---------- Data extracts ----------
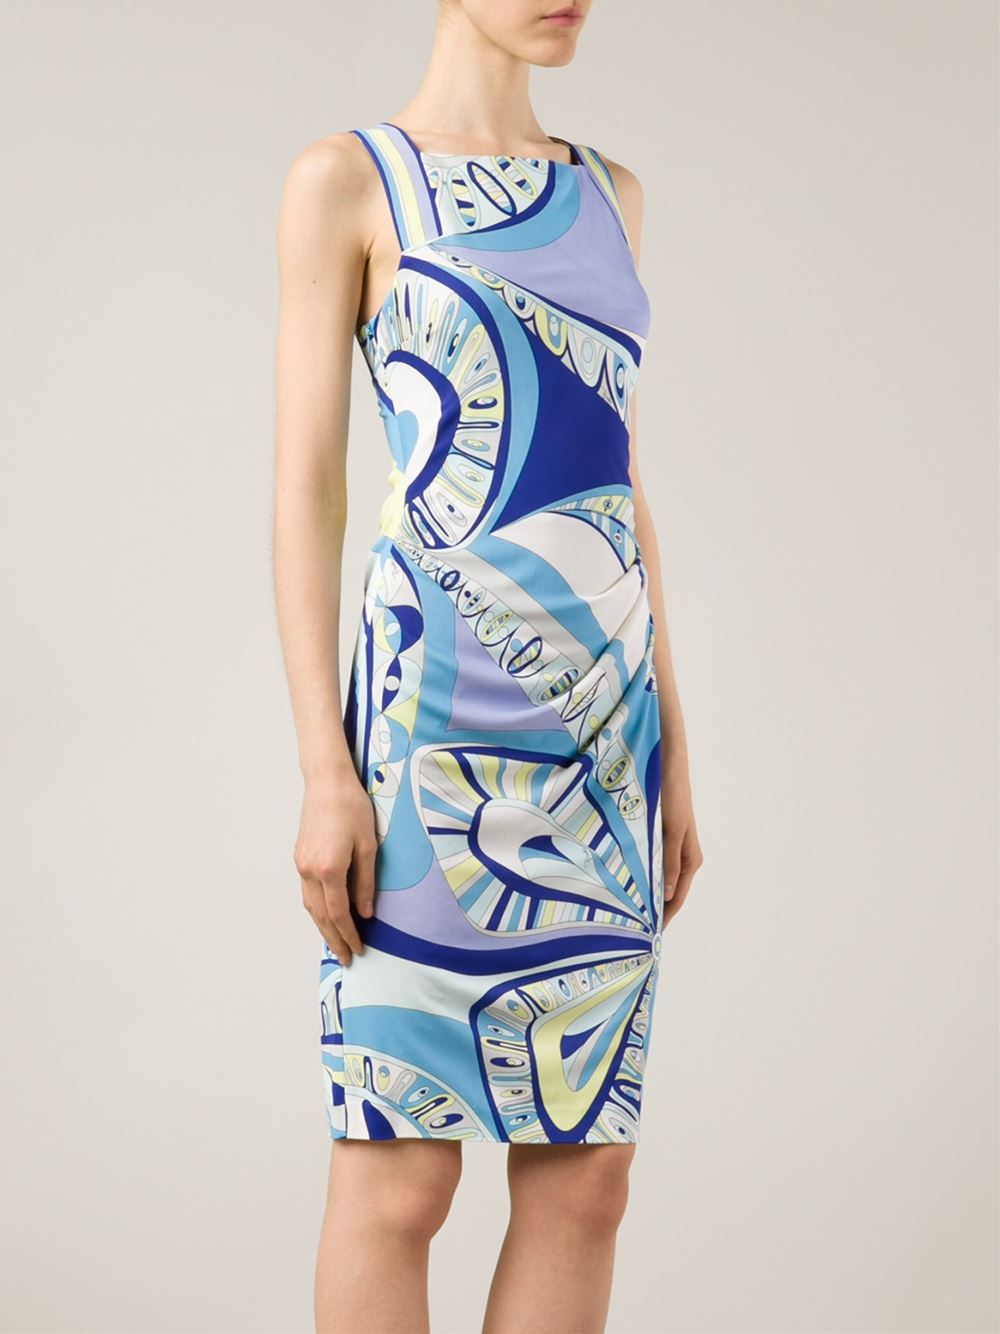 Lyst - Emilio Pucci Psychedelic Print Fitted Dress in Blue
----------
---------- Data extracts ----------
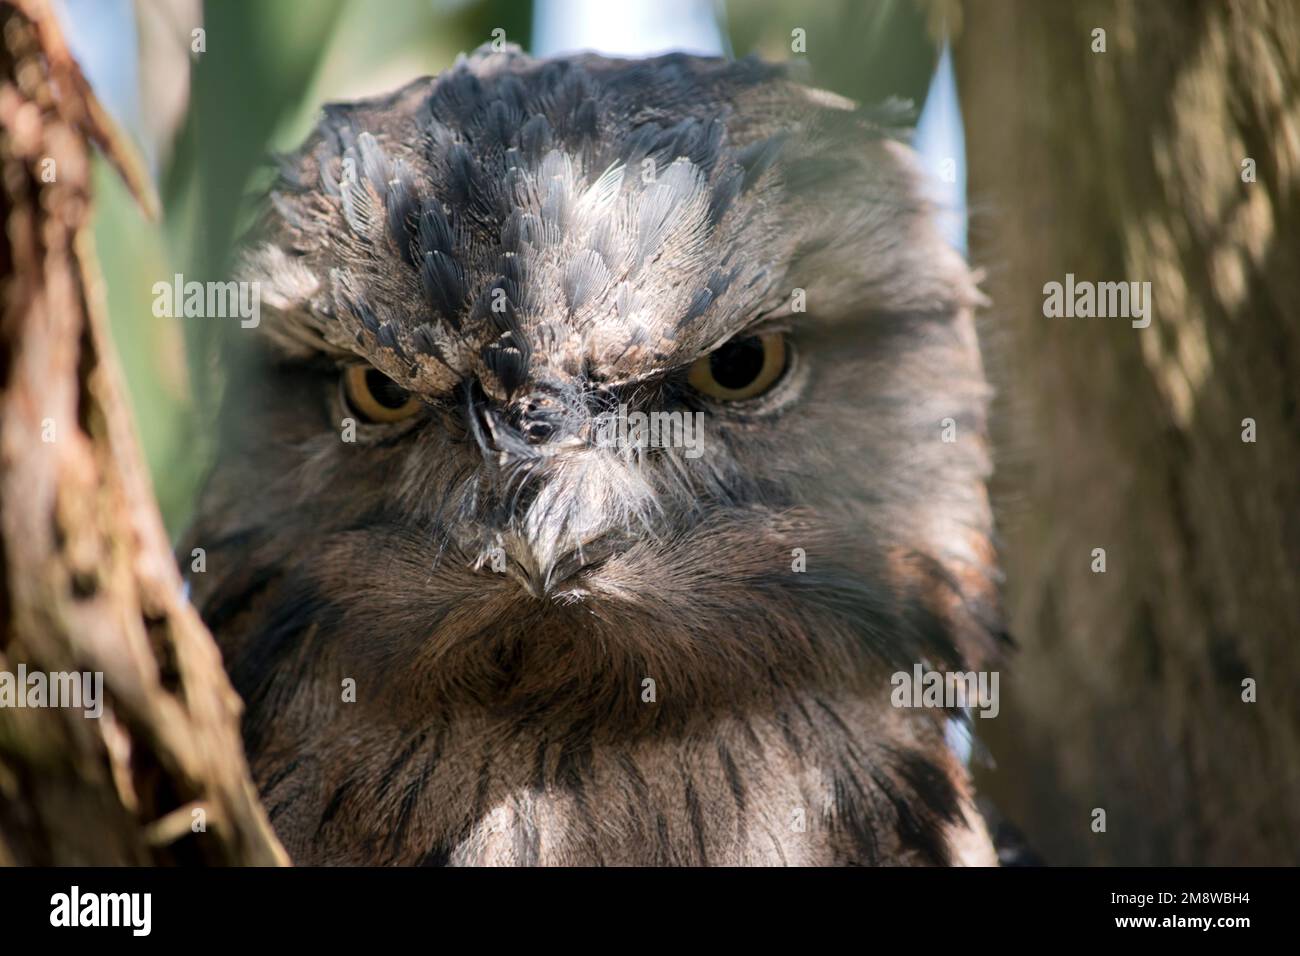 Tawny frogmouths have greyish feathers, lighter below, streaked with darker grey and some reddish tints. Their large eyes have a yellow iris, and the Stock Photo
----------
---------- Data extracts ----------
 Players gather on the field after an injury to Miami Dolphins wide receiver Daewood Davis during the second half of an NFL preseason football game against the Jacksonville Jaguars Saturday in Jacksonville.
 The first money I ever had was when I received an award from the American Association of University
----------
■ Description of the task
Write out exactly the lines above from the line with "Players gather on" through the line with "The first money", both of them included, and leave out all other lines.

■ Output of the task
 Players gather on the field after an injury to Miami Dolphins wide receiver Daewood Davis during the second half of an NFL preseason football game against the Jacksonville Jaguars Saturday in Jacksonville.
 The first money I ever had was when I received an award from the American Association of University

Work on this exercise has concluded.